O delineamento da idéia de memória de futuro acompanha a relação dinâmica
entre dois pólos antagônicos – utopia e distopia – que são muito característicos das
narrativas de ficção científica.
Dessa forma, as projeções de sociedades futuras
utópicas e distópicas seguem as conjunções de uma memória que se lança como
projeto e/ou possibilidade de futuro baseada nas expectativas do presente.
Para este trabalho trazemos as análises do texto fílmico Barbarella (1968) e a
percepção de uma sociedade sem conflitos bélicos que tem como referência os
movimentos de contracultura do período da narrativa.
Texto fílmico e memória
A memória tem sido objeto de intensa discussão, pesquisa e teorização nos
últimos anos. Isso não significa que ela não tenha tido sua importância outrora.
Considerando nossa civilização ocidental, remonta aos gregos o pensar a memória.

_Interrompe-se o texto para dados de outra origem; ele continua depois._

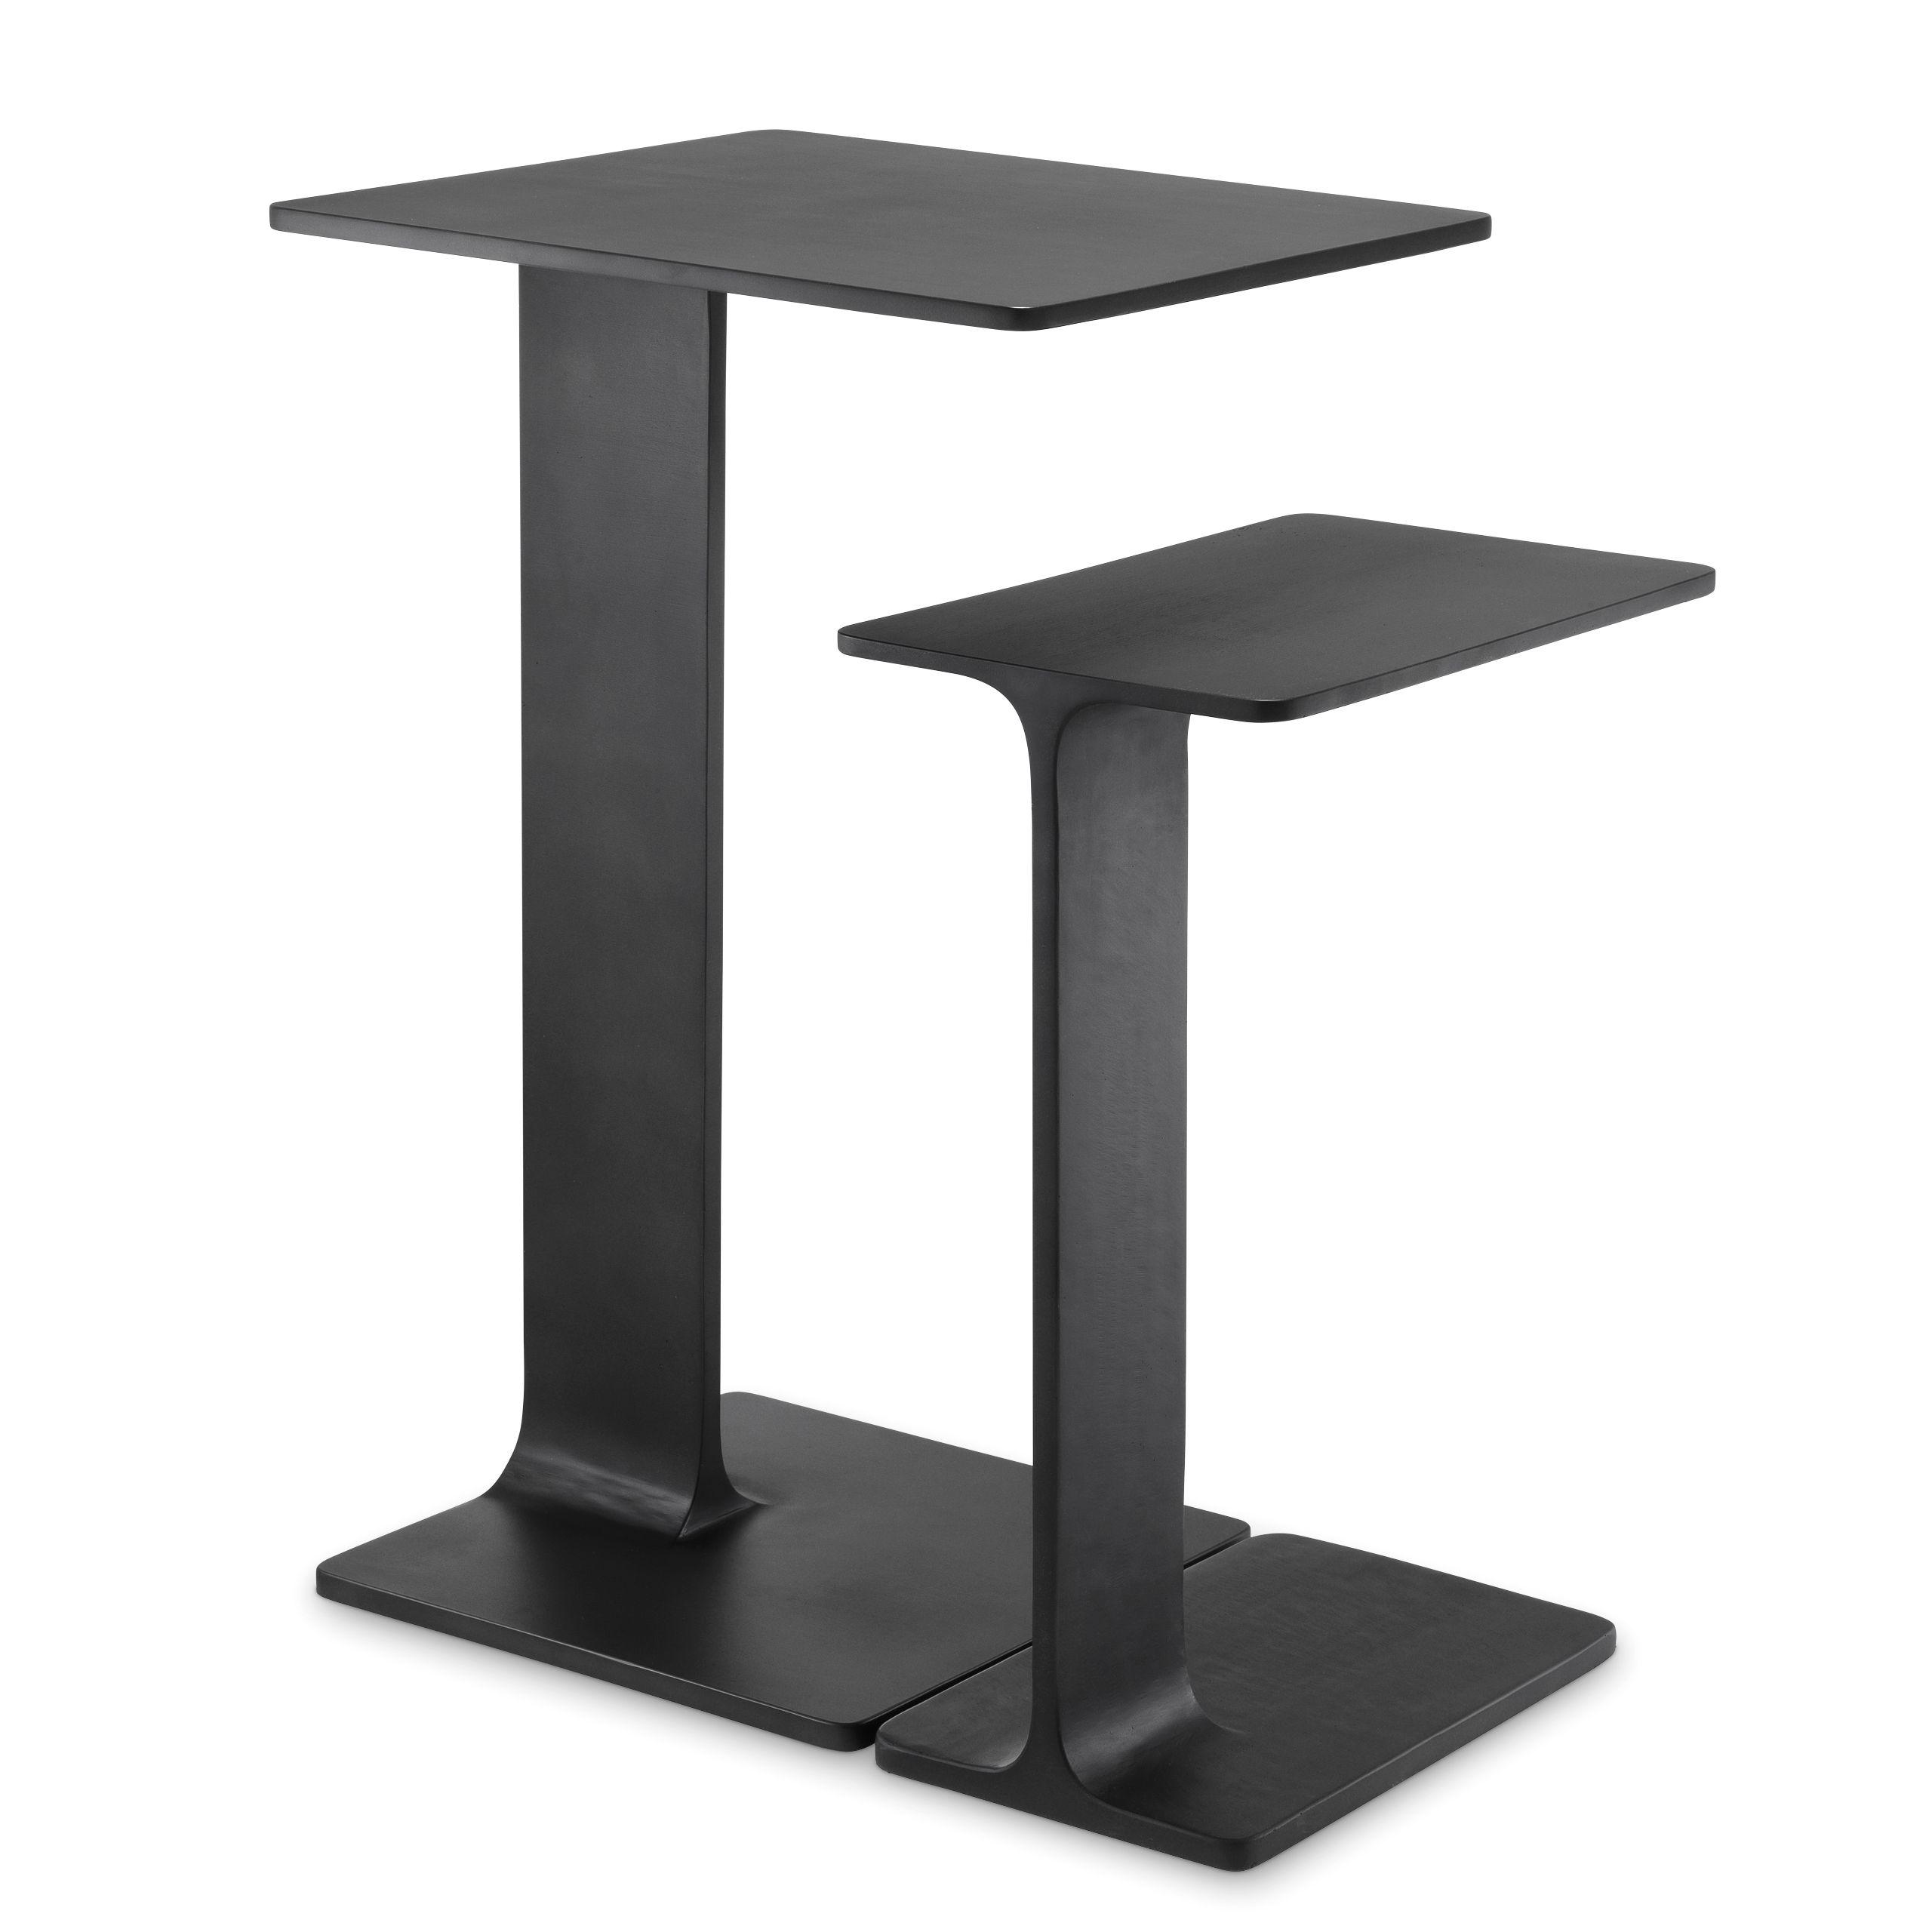 Купить Приставной столик Side Table Smart set of 2 в интернет-магазине roooms.ru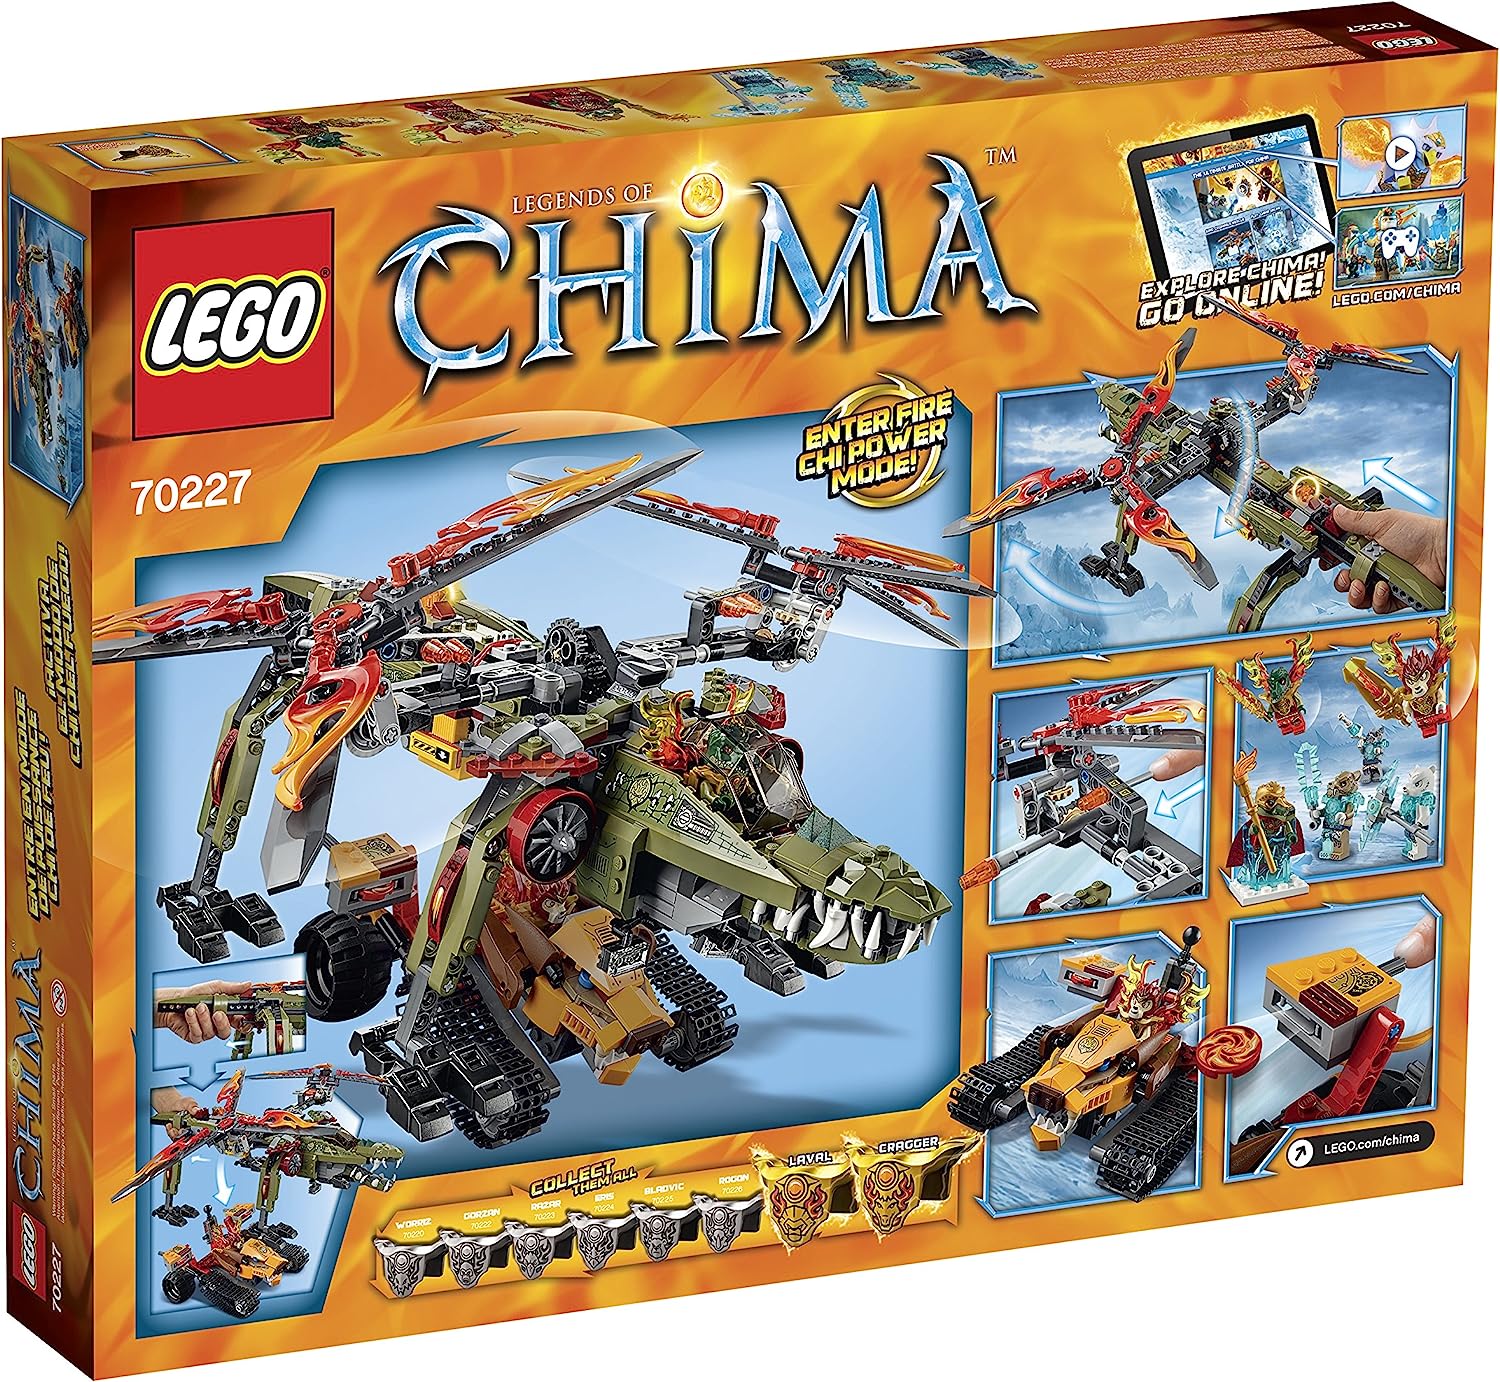 【楽天市場】レゴ チーマ 6099912 LEGO Legends of Chima 70227

Desde esse período até os dias atuais, o conceito de memória foi abordado por
filósofos de diferentes escolas. Com Santo Agostinho, o conhecimento de si – a
introspecção –, com o objetivo de abrir-se a Deus e atingir a verdade, era possível
através da profunda exploração do palácio da memória "onde estão tesouros de
inumeráveis imagens trazidas por percepções de todas as espécies." (SANTO
AGOSTINHO, 1973, p. 200). Outros teóricos se ocuparam deste objeto, destacandose, em maior ou menor grau de aprofundamento na questão. Como Montaigne: “uma
excelente memória facilmente se conjuga com o mais débil dos intelectos.”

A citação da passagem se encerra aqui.